Mr. REHNQUIST. Would you read that back again?

Senator TUNNEY. Yes. Senator Ervin's question:
Don't you agree with me that any surveillance which would have the effect of stifling such activities would violate those constitutional rights?
And your answer:
No, I do not.

Mr. REHNQUIST. I am not sure I do agree with that now. I am inclined to think that it is a fact question and I was perhaps resolving the fact question in my own mind on the basis of the line of inquiry that Senator Hart made yesterday, where thousands of people came, knowing there was going to be such surveillance, on the basis of Judge Austin's decision in Chicago, where he found as a fact that there was no stifling effect.

I do not think I would want to categorically say that such surveillance could not have a stifling effect. I think I would treat it as a question of fact.

Senator TUNNEY. I appreciate your answer. Senator Ervin then went on to say, Question:
Don't you think a serious constitutional question arises where any government agency undertakes to place people under surveillance for exercising their first amendment rights?
Your answer: "When you go further and say, 'Isn't a serious constitutional question involved,' I am inclined to think not, as I said last week."

Mr. REHNQUIST. The question being whether surveillance
Senator TUNNEY. Surveillance, yes.
"Don't you think a serious constitutional question arises where any government agency undertakes to place people under surveillance for exercising their first amendment rights?" and your answer was, "when you go further and say, 'Isn't a serious constitutional question involved,' I am inclined to think now, as I said last week."

Mr. REHNQUIST. Again, assuming that in fact the surveillance efforts have no chilling effect, I would stand by that answer, I think, again as a spokesman for the Department.

Senator TUNNEY. You don't think a serious constitutional question would arise putting people under surveillance for exercising their constitutional right of free speech?

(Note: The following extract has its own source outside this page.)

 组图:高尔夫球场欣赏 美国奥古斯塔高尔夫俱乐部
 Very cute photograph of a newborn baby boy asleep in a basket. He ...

Mr. REHNQUIST. In the absence of a causative connection between some sort of chilling effect and the surveillance itself, that was the position I took for the Department, and I believe it would be a reasonable one.

Senator TUNNEY. When you say in the absence of a chilling effect, I think you have eliminated the problem.
The question is wouldn't the surveillance have a chilling effect, and wouldn't that in effect raise the constitutional problems, and your answer was "I believe I am inclined to think not."

Mr. REHNQUIST. Well, I don't think the question was phrased that way.

Senator TUNNEY. Well----

Mr. REHNQUIST. Given the factual assumption of a chilling effect, then I would want to reserve judgment.

Senator TUNNEY. In other words, you think there could be a chilling effect?

Mr. REHNQUIST. Yes, sir; as in a Chicago type of case, I do.

Senator HRUSKA. Would the Senator yield?

Senator TUNNEY. Yes.

Senator HRUSKA. Yesterday you told us about a judge who thought that the force following those who were being under surveillance would have presumably a chilling effect if they were immediately behind those that were subject to the surveillance, but if there was an intervening force, that no longer would be true. Would that be a more specific fact upon which you could predicate your answer?

Mr. REHNQUIST. That is the type of fact situation I would want to know before attempting to answer yes or no on the existence of a chilling effect.

Senator TUNNEY. Senator Ervin went on to question you and said, "Is it your position the Government could take somebody and put somebody—I believe it is called a tail on me—-and this man could walk around and follow me everywhere I went, and because he didn't compel me to go to those places and just observe me, that I would have no legal remedy?" And your answer, "As I have said yes before, I think it is a waste of the taxpayers' money, it is an inappropriate function of.the executive branch, I don't think it raises a first amendment violation."

Mr. REHNQUIST. Subject to the qualification I gave to my previous answer to your question, I would stand by that statement.